Assignment: After locating "Passport Cover - Life Is Short 4x6" in the listing below, copy that line and each one after it exactly, ending with the line that has "Street statue artist".

Provided material:
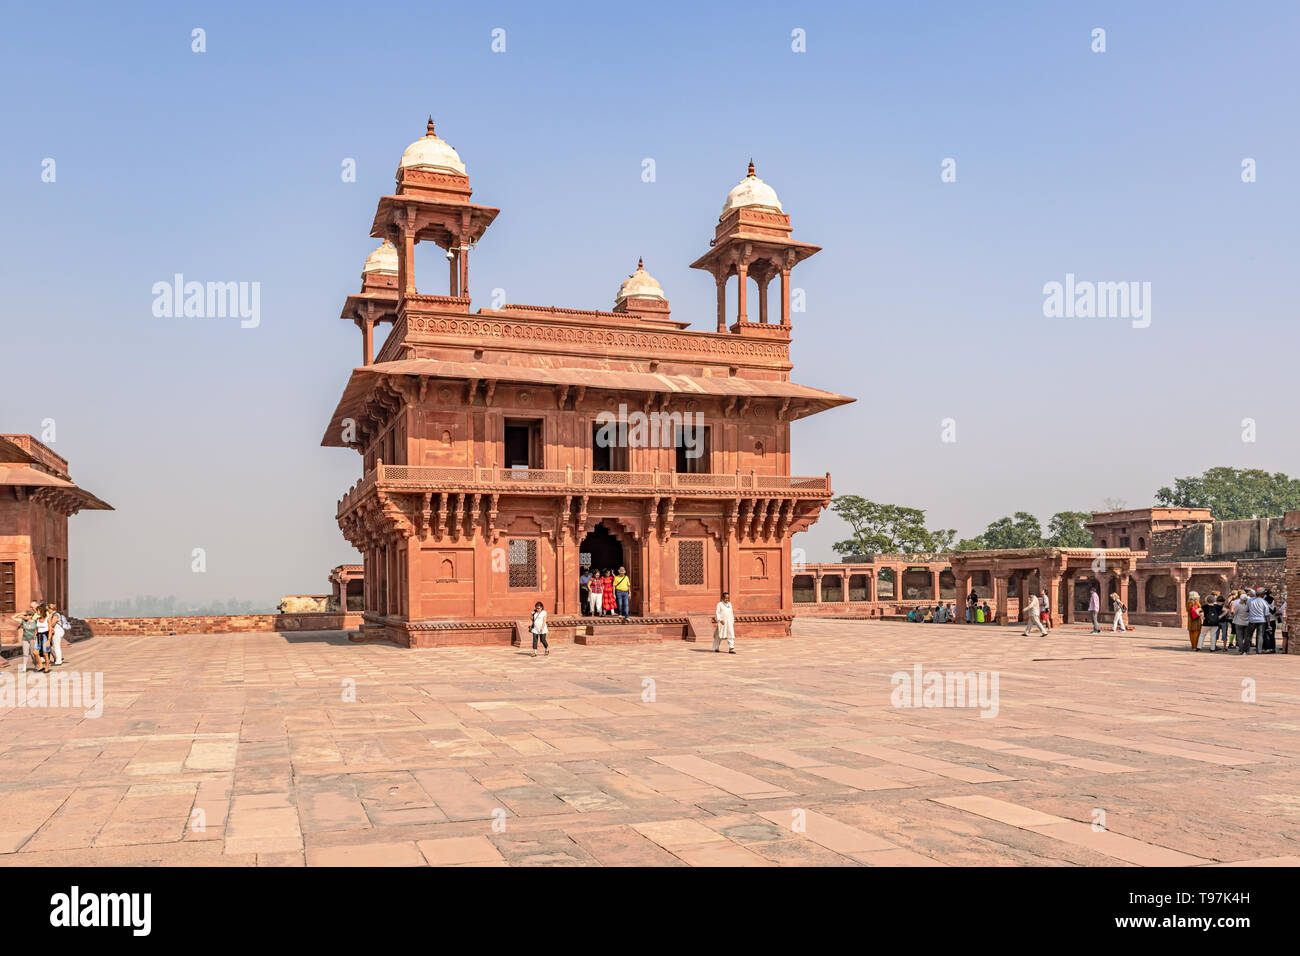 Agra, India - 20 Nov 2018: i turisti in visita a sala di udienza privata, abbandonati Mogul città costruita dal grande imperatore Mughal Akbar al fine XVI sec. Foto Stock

...

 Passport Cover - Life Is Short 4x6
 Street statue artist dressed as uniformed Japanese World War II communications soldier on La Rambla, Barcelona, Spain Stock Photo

---

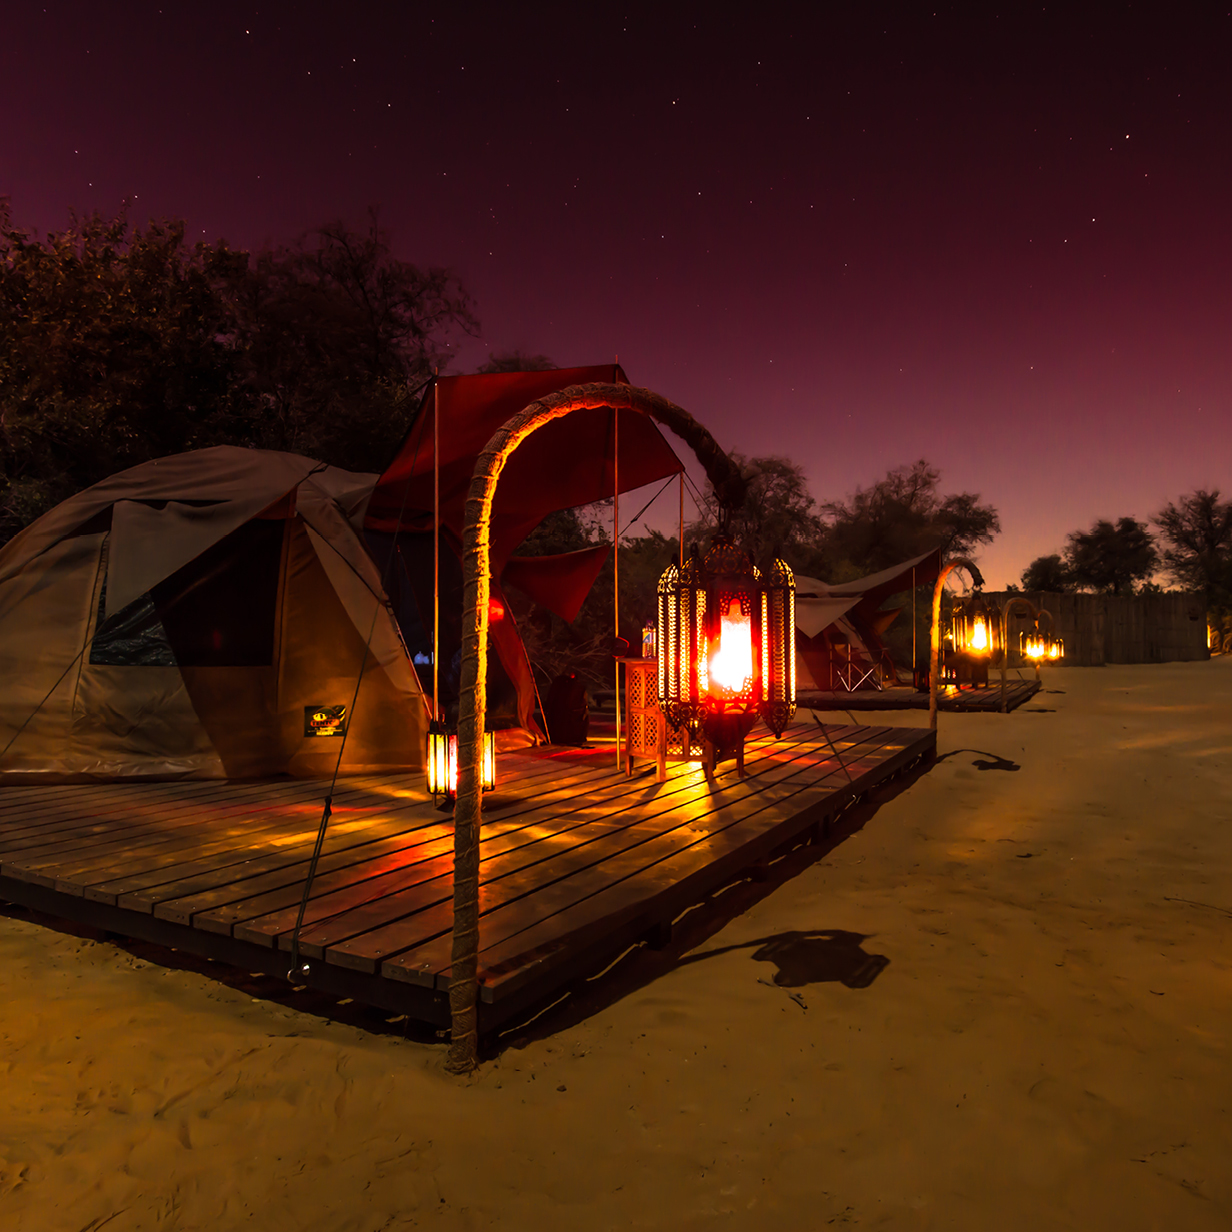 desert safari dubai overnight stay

Reply to the task:
 Passport Cover - Life Is Short 4x6
 Street statue artist dressed as uniformed Japanese World War II communications soldier on La Rambla, Barcelona, Spain Stock Photo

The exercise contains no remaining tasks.